- TASK INSTRUCTIONS -
Please output exactly the lines below, starting at the line that has "Teak Cleaning Solution" and ending at the line that has "AGENDA COMMITTEE of", both included; leave out all pictures and include nothing else.

- GIVEN DATA -
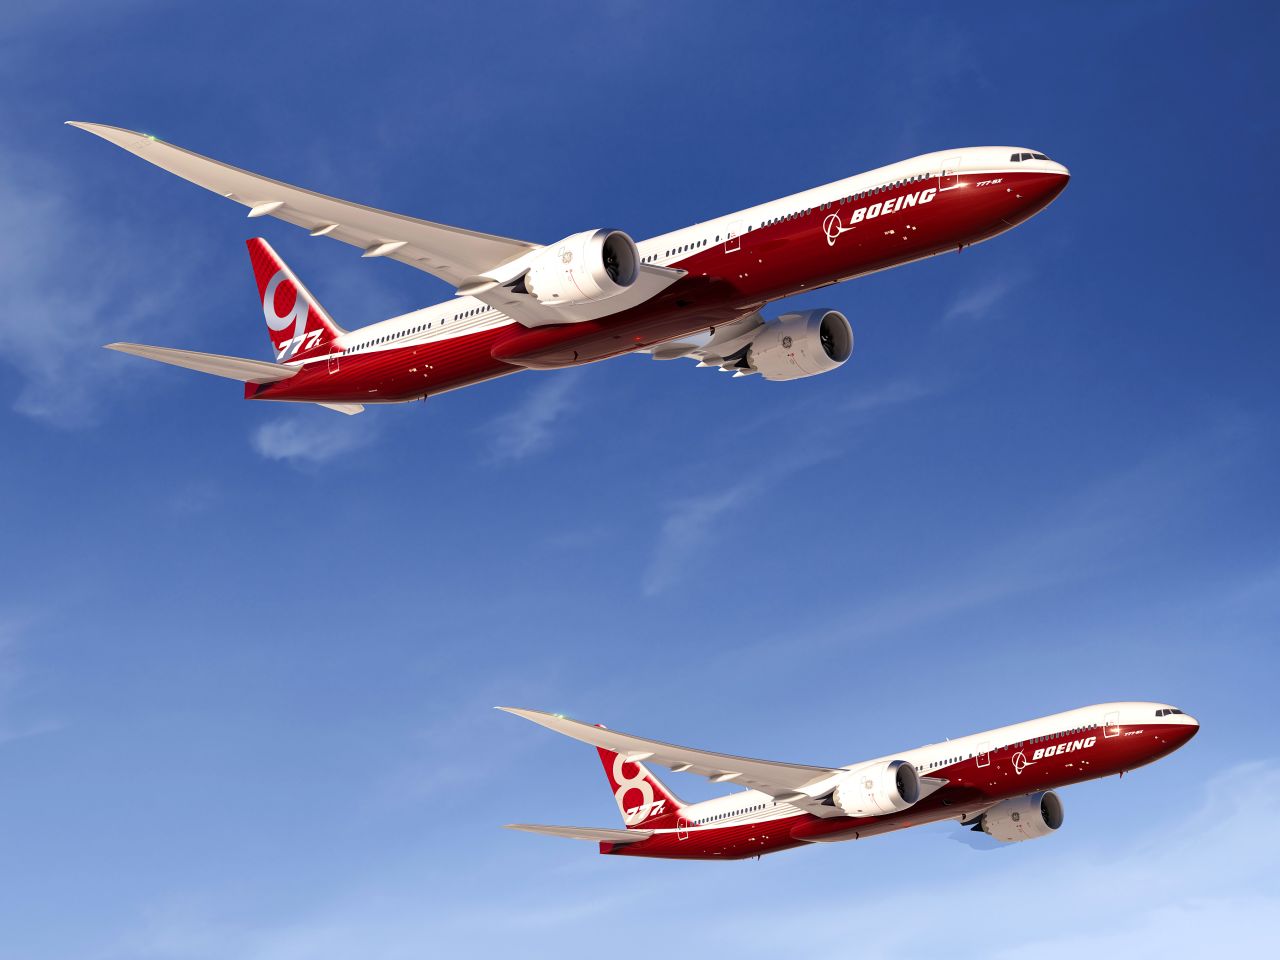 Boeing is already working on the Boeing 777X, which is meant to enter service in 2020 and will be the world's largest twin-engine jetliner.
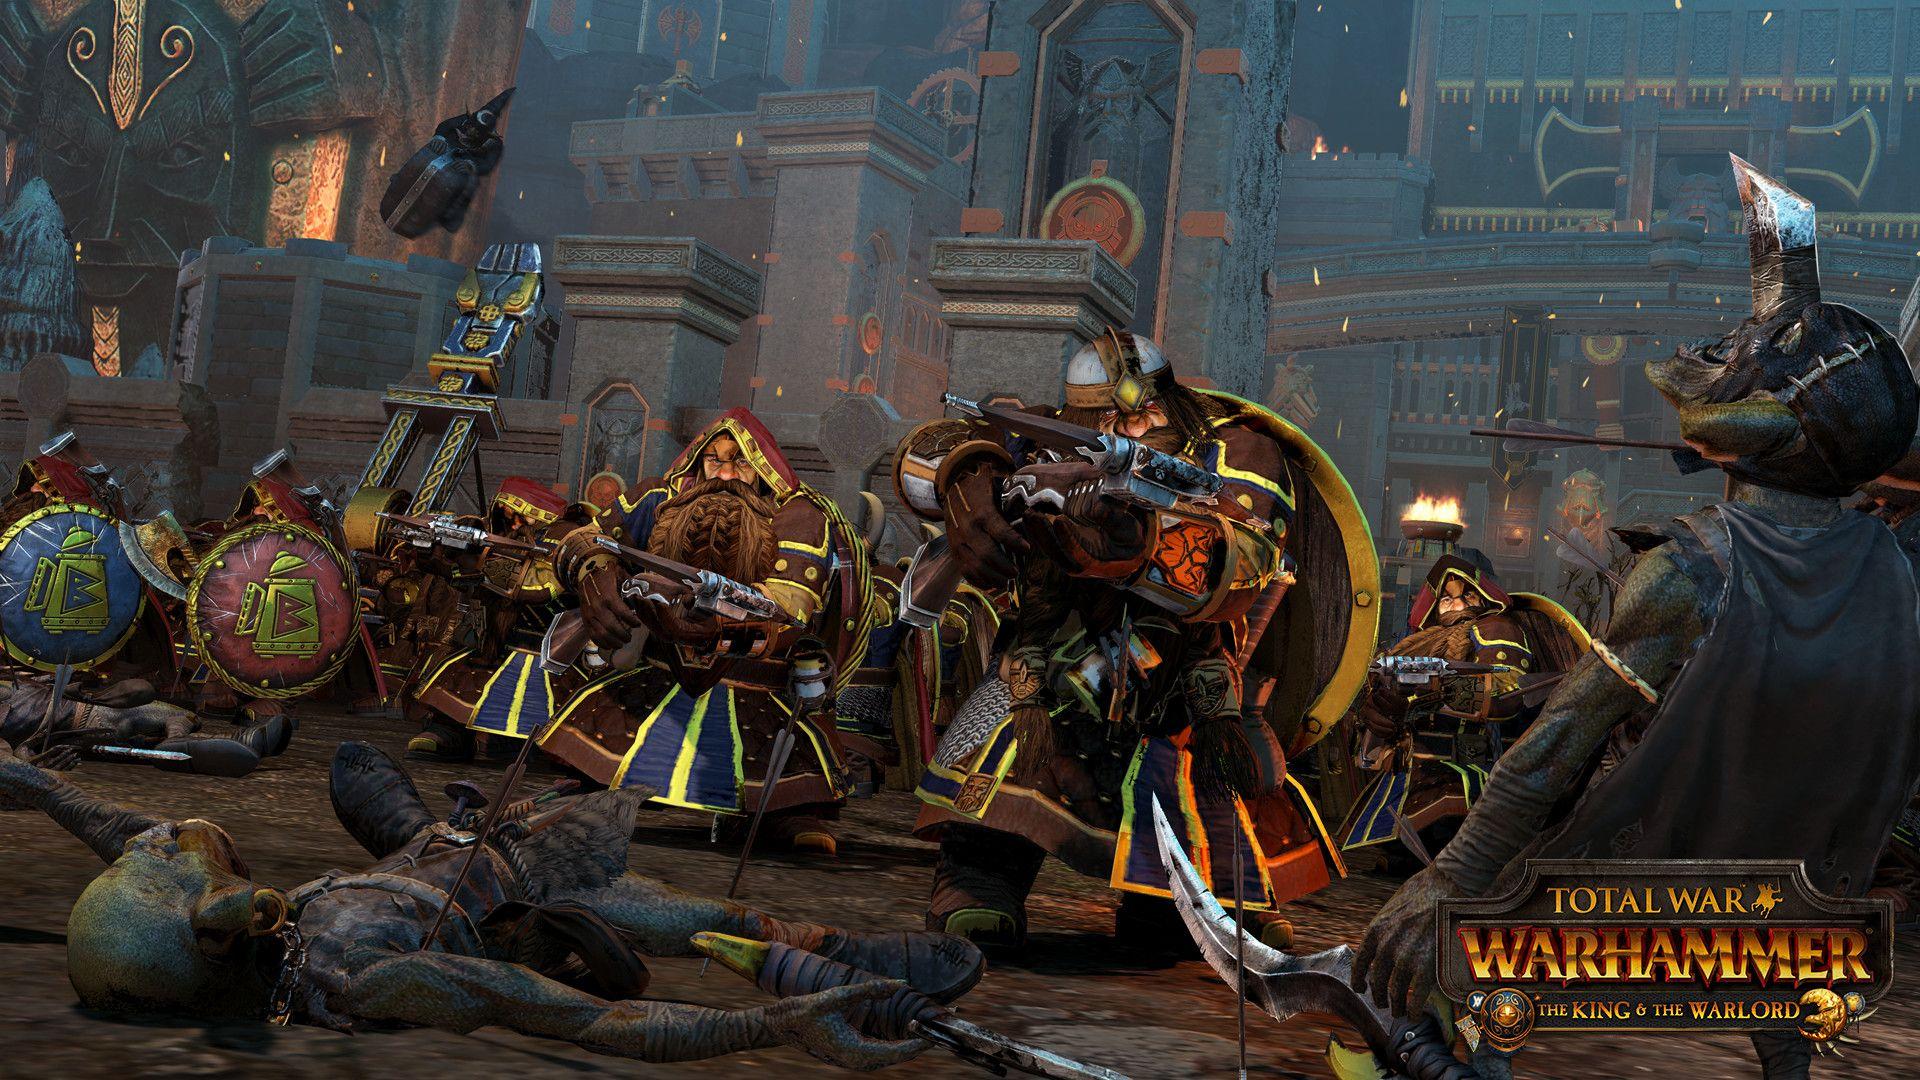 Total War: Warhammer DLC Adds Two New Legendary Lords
--
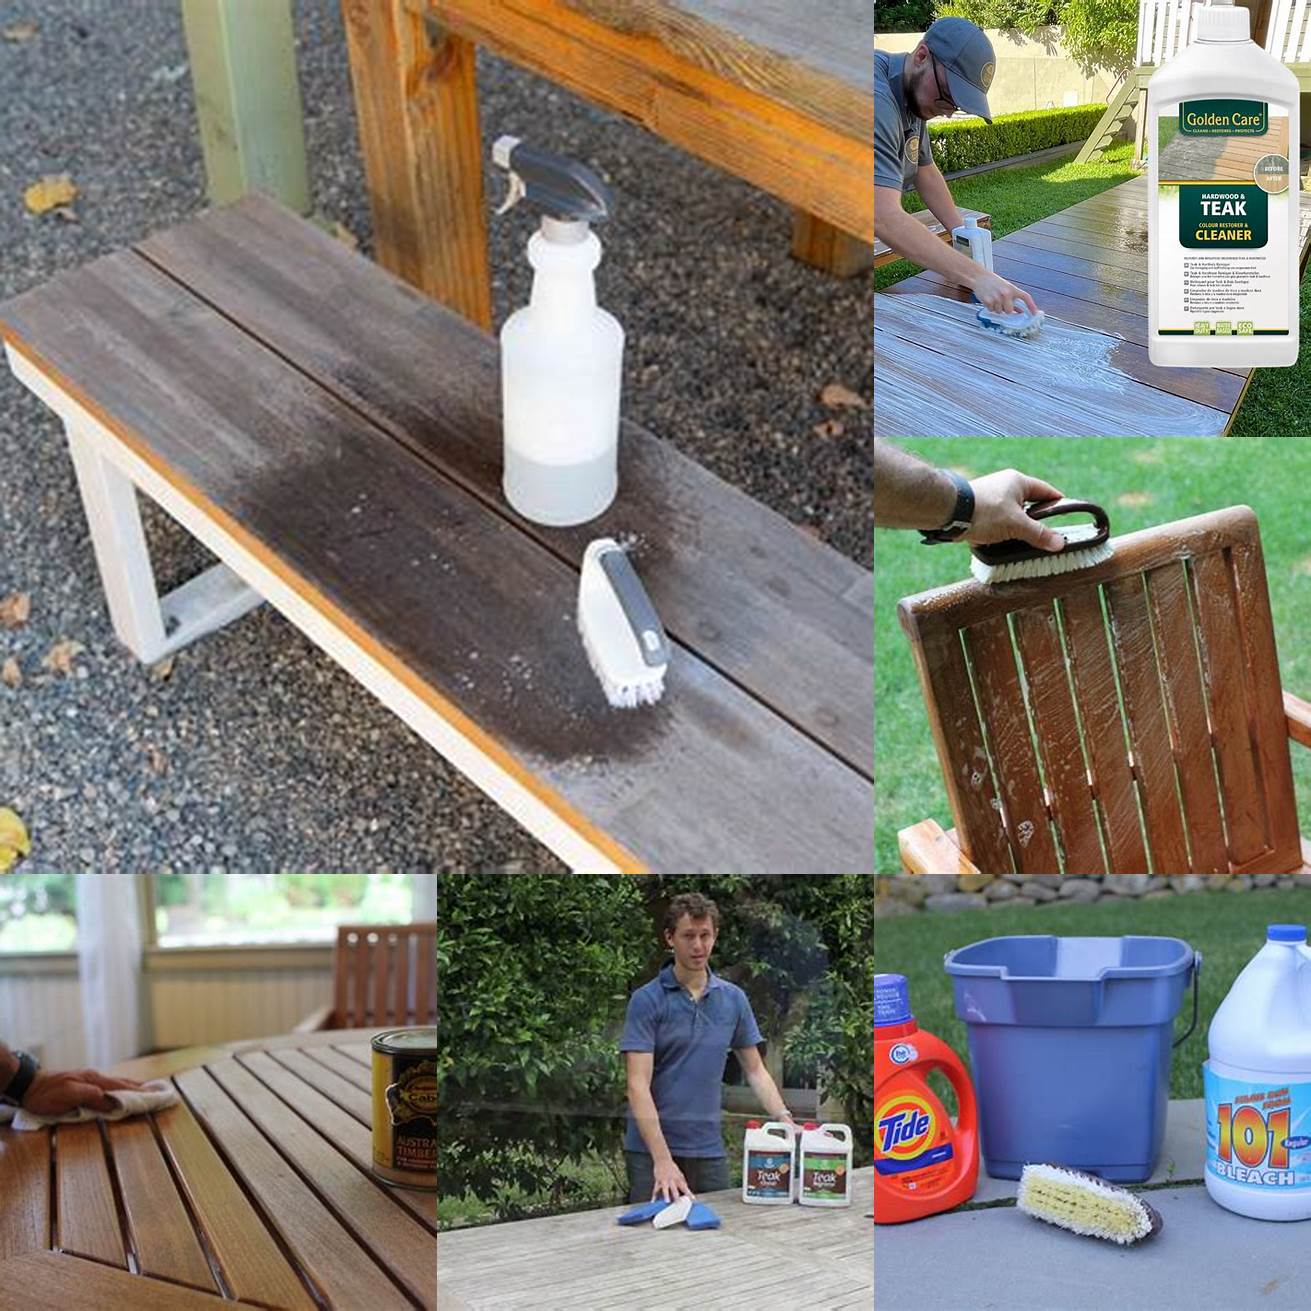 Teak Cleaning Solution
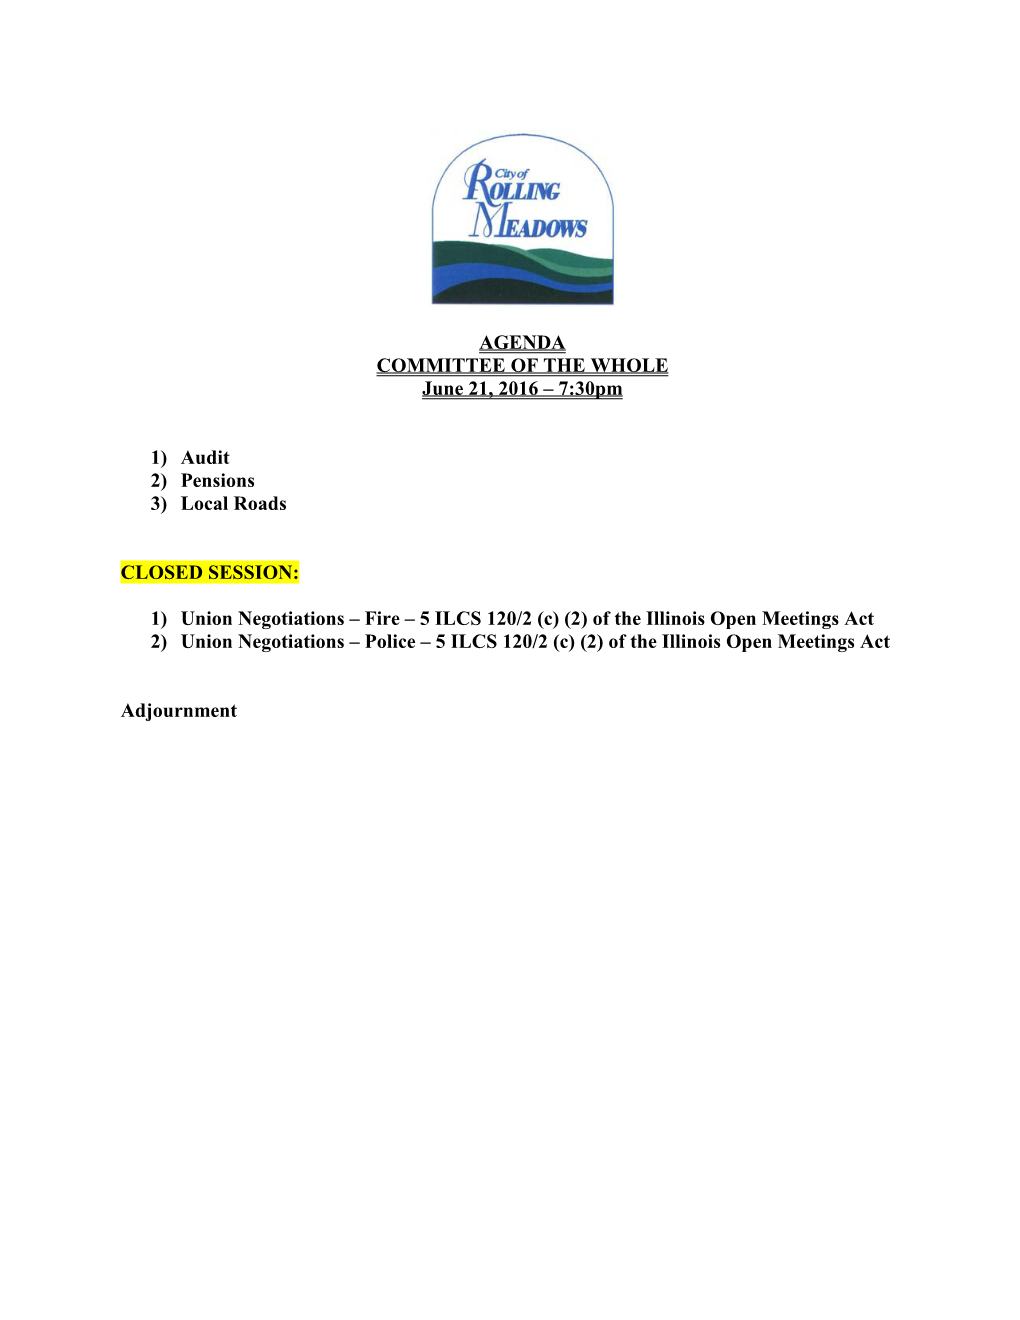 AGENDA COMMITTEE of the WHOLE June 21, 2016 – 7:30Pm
---
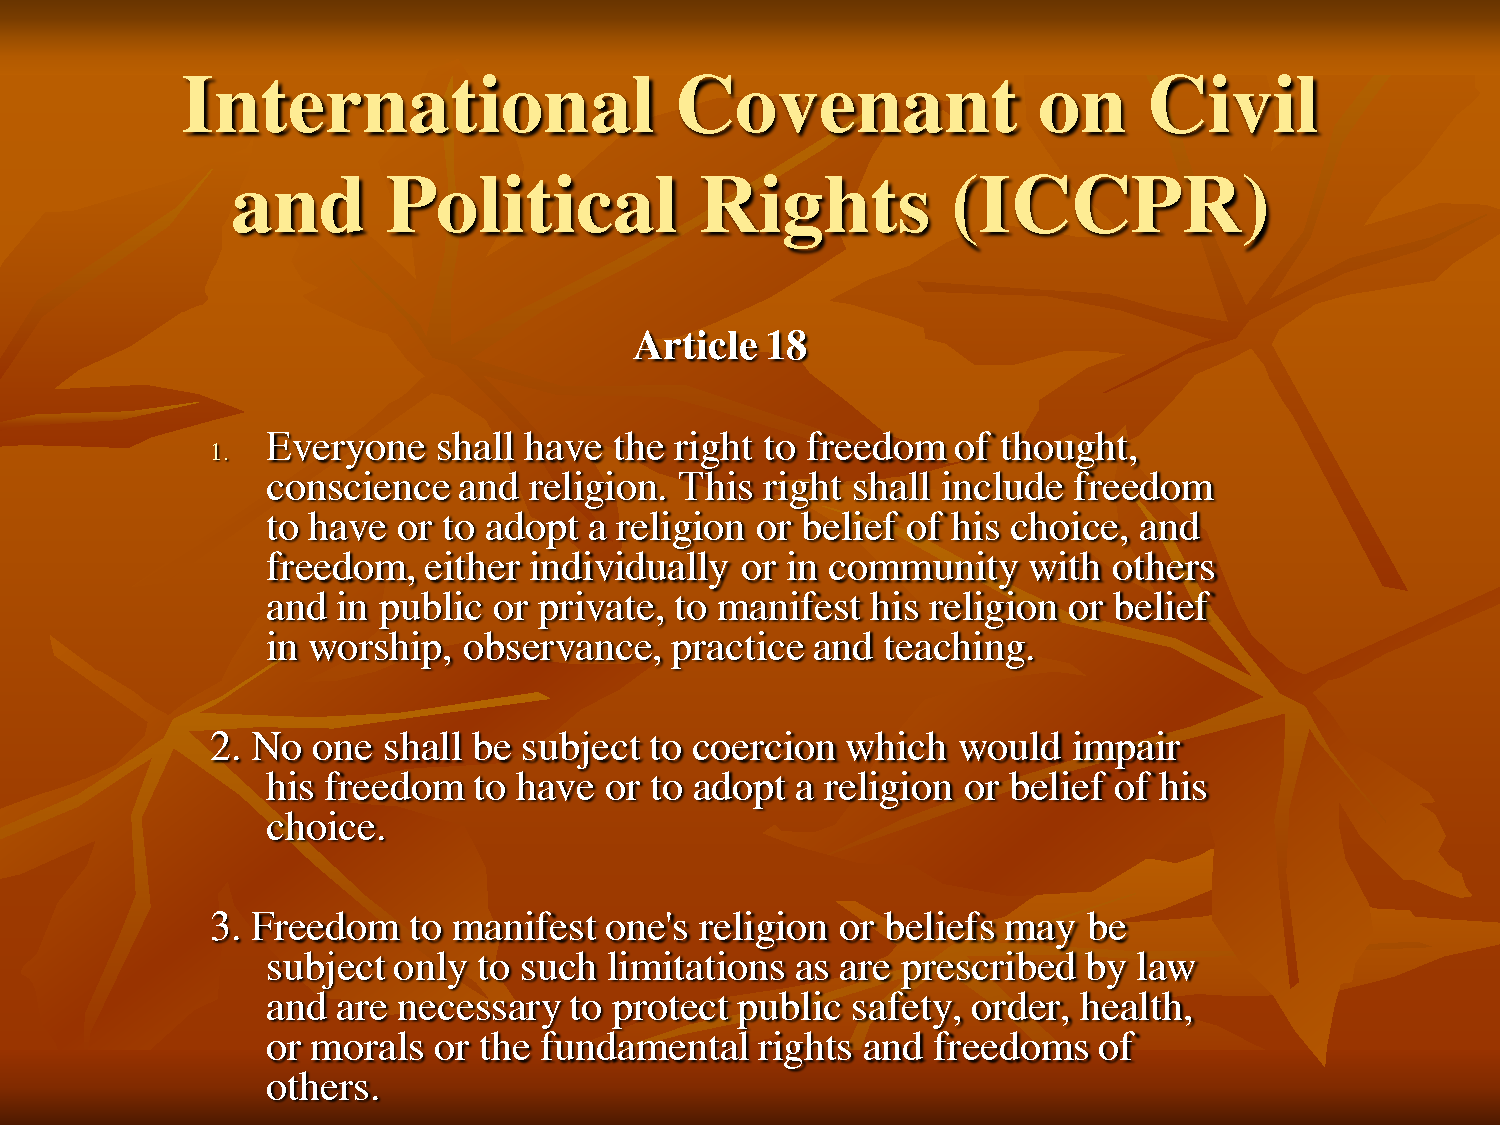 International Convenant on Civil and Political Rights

- TASK OUTPUT -
 Teak Cleaning Solution
 AGENDA COMMITTEE of the WHOLE June 21, 2016 – 7:30Pm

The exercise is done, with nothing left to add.